System Health Monitoring
When your system is hundreds of services running independently, how do you know that every part of the system working as expected? System Health Monitoring is the answer to this question. System Health Monitoring covers more than just are functions up and running, its monitoring errors, invocations approaching their thresholds, advice on how to improve the performance and cost based on usage. This helps increase confidence around your system's outlook.
Running multiple system myself, it surprised me as I moved each one onto Epsagon how many systems I presumed to be working were failing regularly and I wouldn't have known this other than system heath monitoring reports, as these failures were under the radar. Getting the reports moved me from firefighting random issues to diagnosing where the failures were occurring, allowing more of my time to focus on new capabilities.
One of the big changes in systems that do tracing, getting your system to tell you when something goes wrong gets a lot easier. Since tracing systems are tracking success and failures of APIs and processing, they often integrate the ability to integrate services like Slack, Microsoft Teams, Email and even systems like Pager Duty. These integrations allow your team to respond to failures even before a customer reports it, with the processes you already have for handling these types of issues. The result is that your tracing service becomes your 24 hour monitoring team member in the support of your system.
Monitoring service/resource usage
When working on a hybrid architecture for a financial company, we ran into an issue where we started getting timeouts on a system which was hosted on-prem. The system typically responded within 30 milliseconds, but we ran into a situation where the responses were taking over 6 seconds which was the timeout for our lambda function which was making the call to the system. Using trace information, we could see that the service over time would become less responsive until the point where most of our calls would go unanswered. We quickly eliminated all other possibilities for the failure and engage with the company that created the third party system with data to back us up. Having information for all the third-party systems which your solution interacts with is critical when working through integration issues, especially if those issues happen rarely. By leveraging tracing information, the team gets this information immediately without having to put in extra effort to change their code for tracking on a case-by-case basis.

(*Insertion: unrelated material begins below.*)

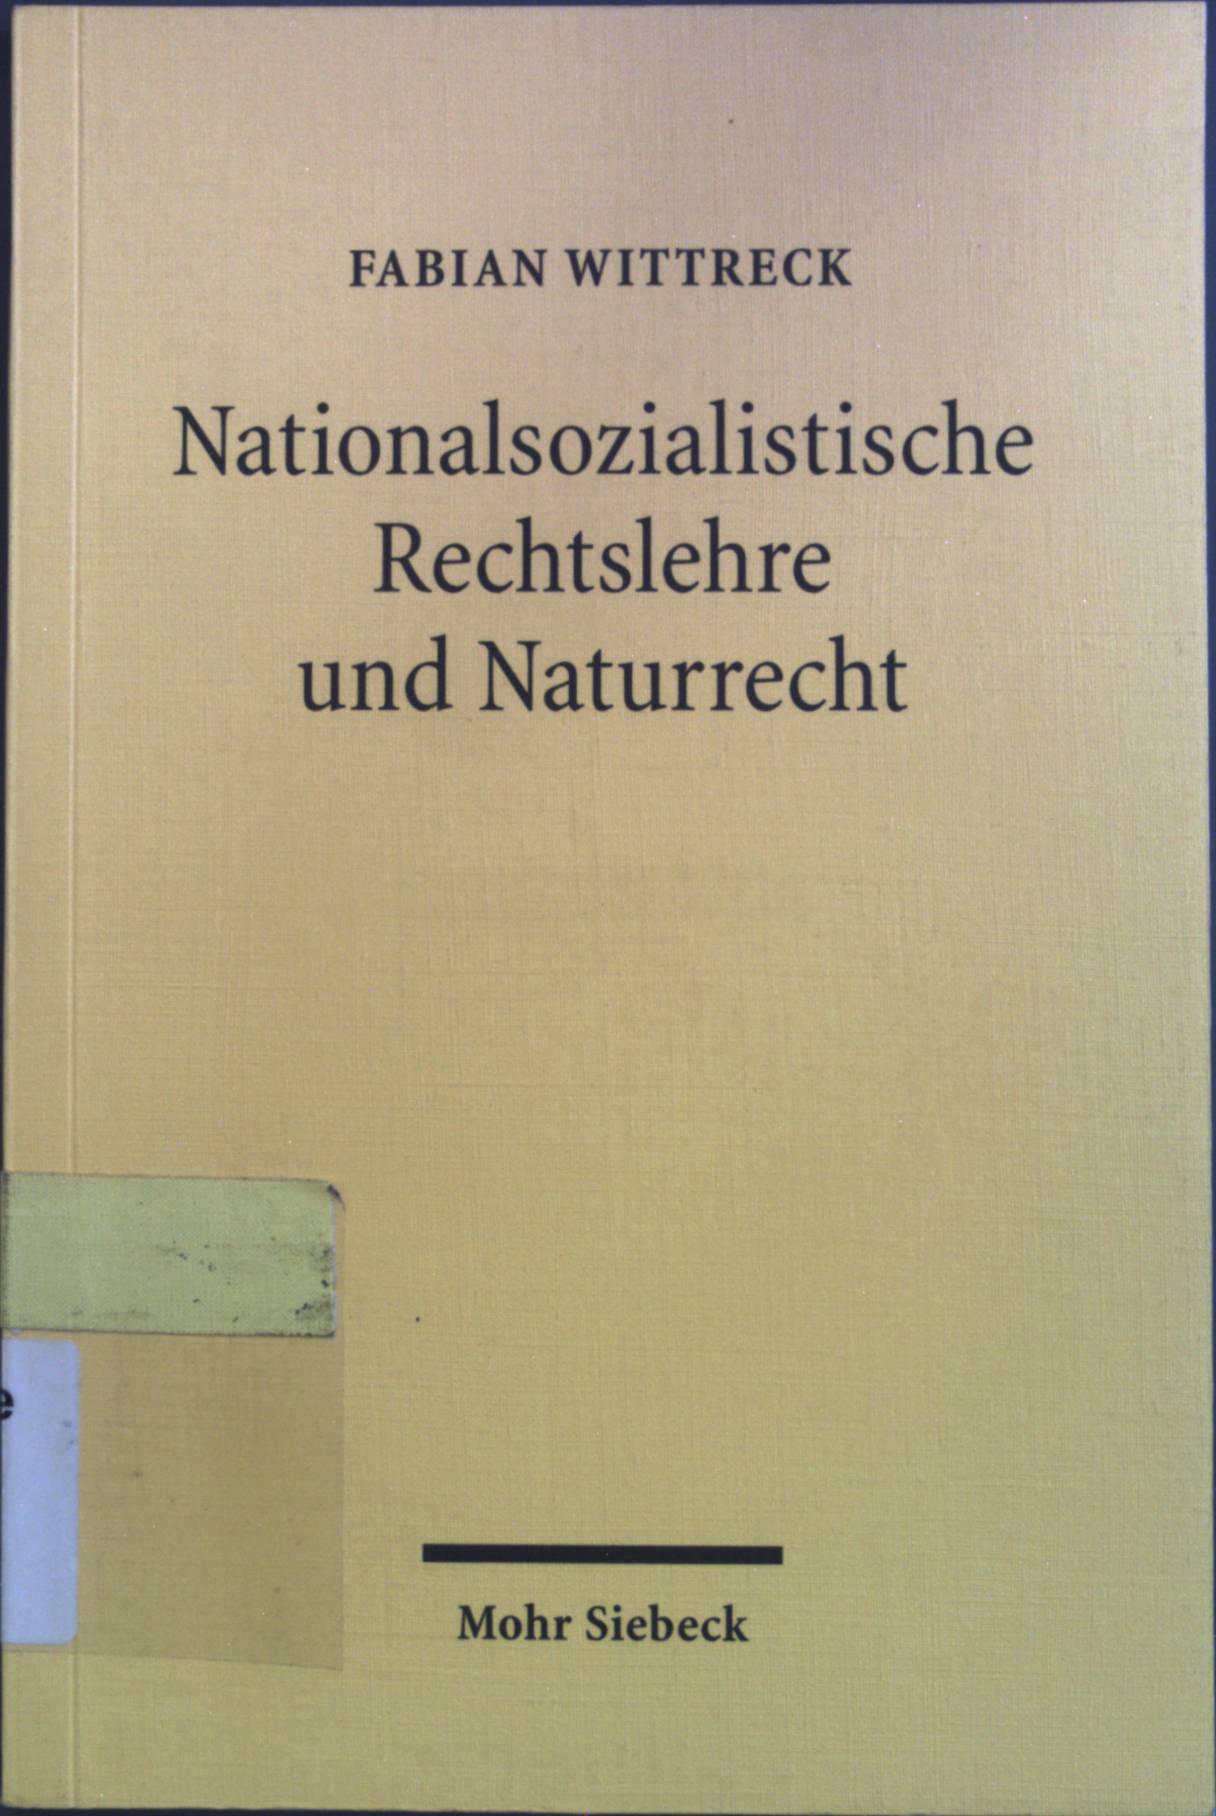 Nationalsozialistische Rechtslehre und Naturrecht : Affinität und Aversion. - Wittreck, Fabian

You also get the benefit of having detailed metics on function duration and memory utilization. This is critical information when your function times out or runs out of memory to understand when the behavior first started appearing and how dramatic a departure from normal usage it is. This helps your team tune the performance of the lambda function itself, and can even help the team identify when it would be better to transform the lambda function into a Step Function due to long response times.
The goal when moving to serverless is to eliminate focus areas so your team can focus on business objectives. Maintaining a micro-service system, ensuring visibility availability/health and shortening your time to resolution is imperative for your team to continue to focus on new capabilities rather than continually being pulled back to focus on previous work. Tracing, therefore, is imperative to your serverless team's success. Epsagon and others offers a wide variety of tools in this area which will increase your speed to deliver your solution and decrease the effort of configuring and maintaining a home-grown solution.